Edward Collier was an English buccaneer who served as Sir Henry Morgan's second-in-command throughout much of his expeditions against Spain during the mid-17th century.

In command of one of the ships which took part in Sir Henry Morgan's raid on Portobello in 1668, he was given command of the 34-gun Oxford with a commission as a pirate hunter before the end of the year and eventually captured Captain la Veven and his ship, the Satisfaction.

Rejoining Morgan in his later raids on Maracaibo and Gibraltar, an explosion aboard his ship would kill many of the officers in the expedition before his ship was sunk. Reportedly despondent over the loss of his ship, Collier left the fleet and was allowed to take command of the Satisfaction spending the next 18 months off the Mexican coastline.

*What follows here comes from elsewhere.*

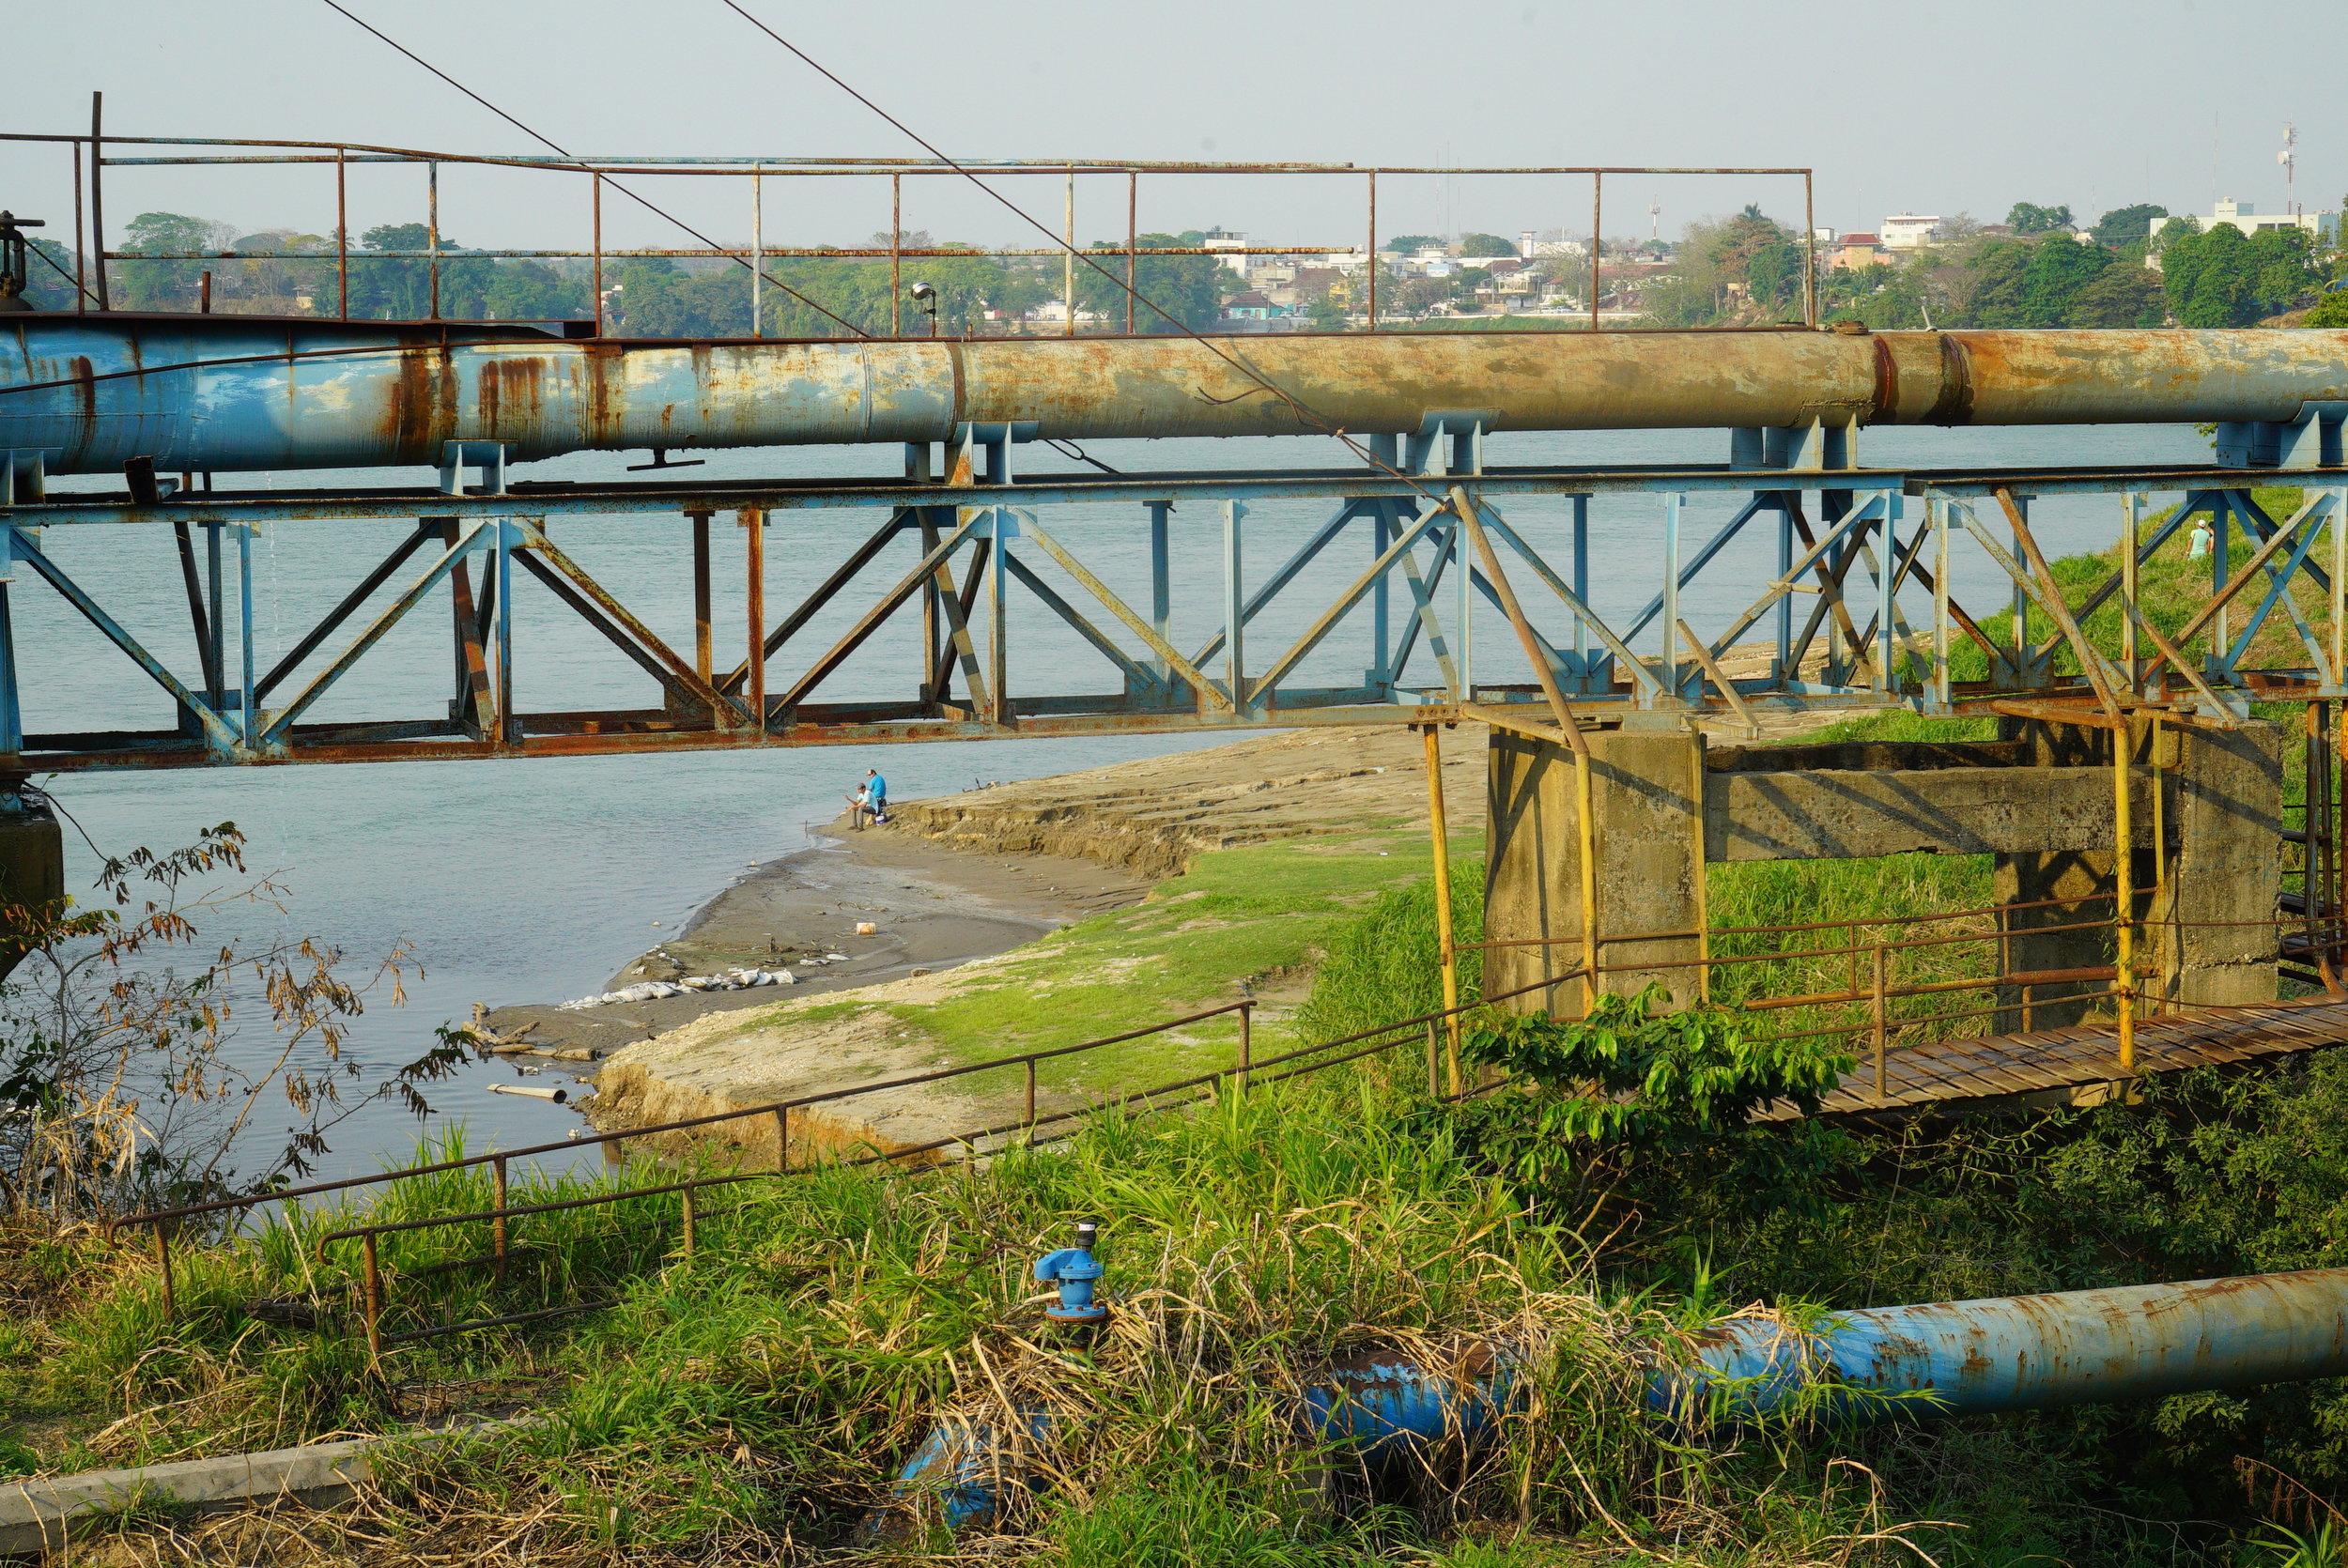 Cerca de las tubería para tratar el agua, y donde los migrantes van a bañarse. Rio Usumascinta, Tenosique, Tabasco. Créditos Fotográficos:Irving Mondragón.
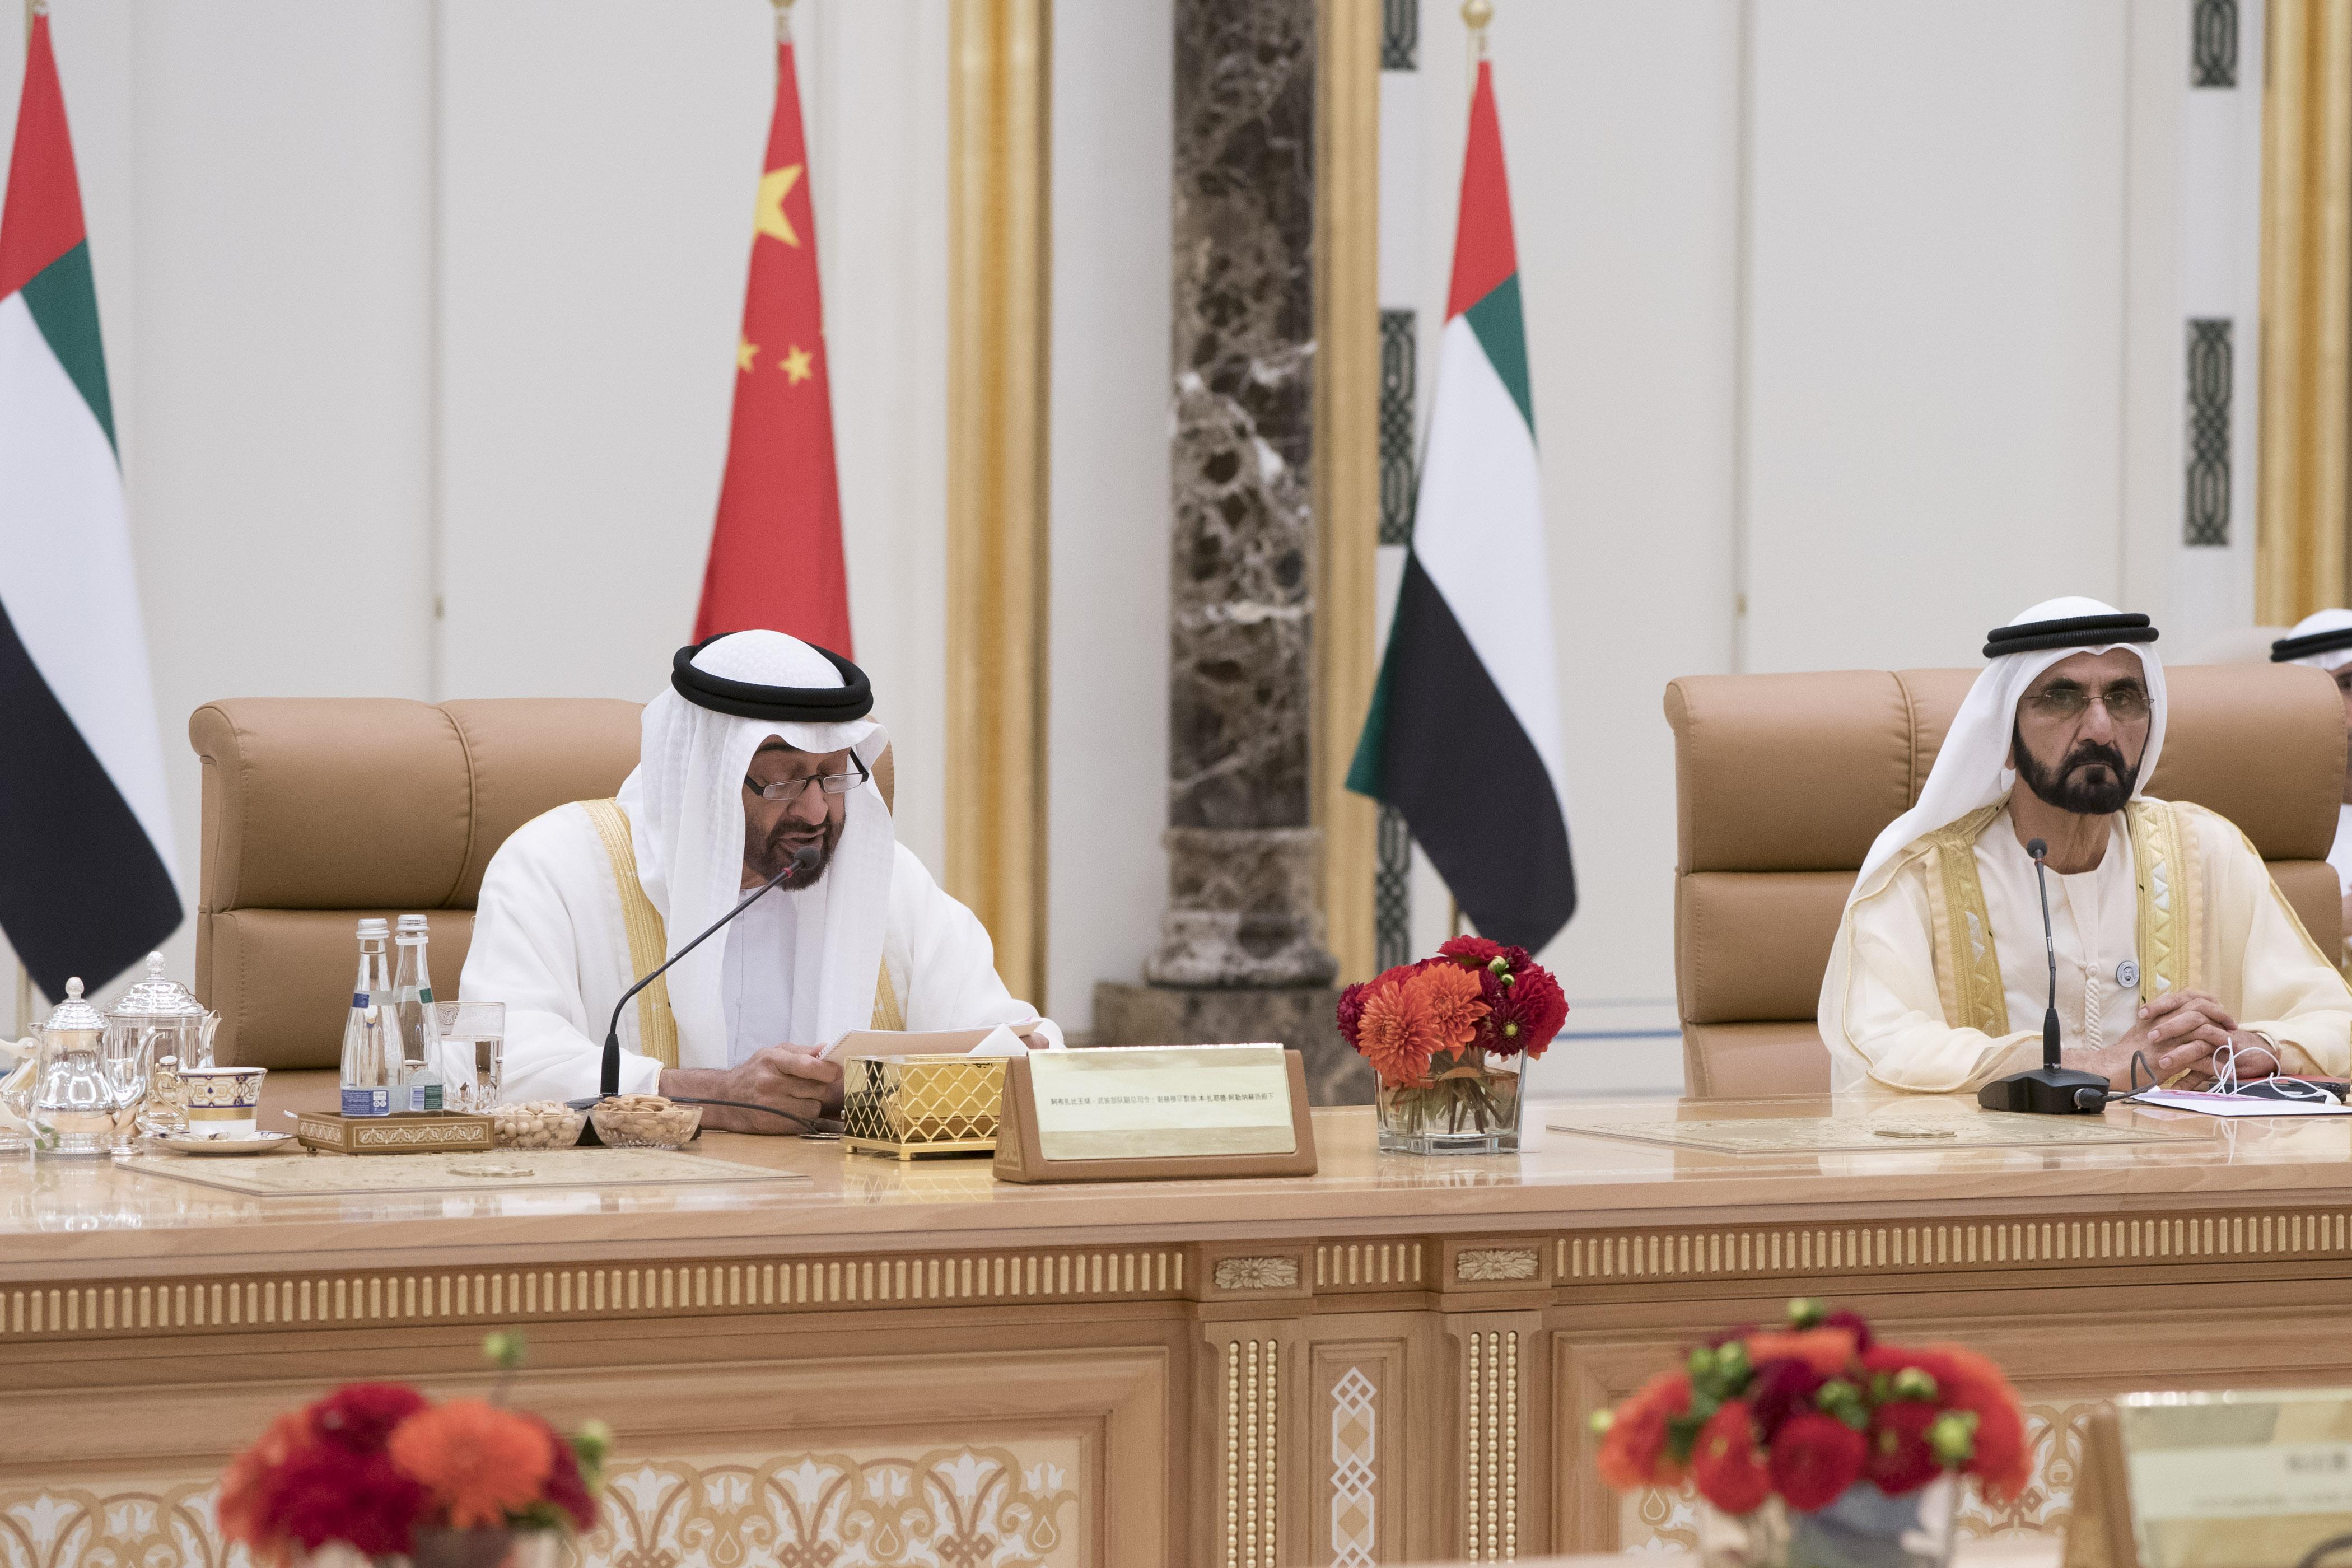 محمد بن راشد ومحمد بن زايد يبحثان مع الرئيس الصيني العلاقات الاستراتيجية بين البلدين 3

Eventually he was persuaded to join Morgan as he was planning his raid on Panama September 1670 and appointed vice-admiral of the expedition. As the expedition was being prepared, Collier was ordered to sail with six ship to Venezuela to obtain provisions and other supply as well as to gather information from locals.

Arriving at Rio de la Hacha, he captured the Spanish stronghold and reportedly tortured his captives to reveal where the city's 200,000 pesos were located at. However, many of the prisoners died in captivity without revealing the whereabouts of the city's treasury and, after demanding provisions from the local population, Collier left Rio de la Hacha and rejoined Morgan's fleet in early December.

At the time of their arrival at Panama in January 1671, Collier successfully led the left wing of the assault to capture the town. Proceeding to loot the town, Collier (or one of the pirates under his command) murdered a Franciscan friar before their return to Port Royal.

The raid on Panama led to the arrest of Morgan after his arrival in Port Royal. Morgan was later released, and neither Collier nor anyone else seemed to be subject to arrest by colonial authorities. He later became a wealthy gentleman farmer retiring to his 1000 acre plantation in Jamaica, presented to him in 1668. He would spend his later years preparing defenses against a possible foreign invasion against Jamaica until his death.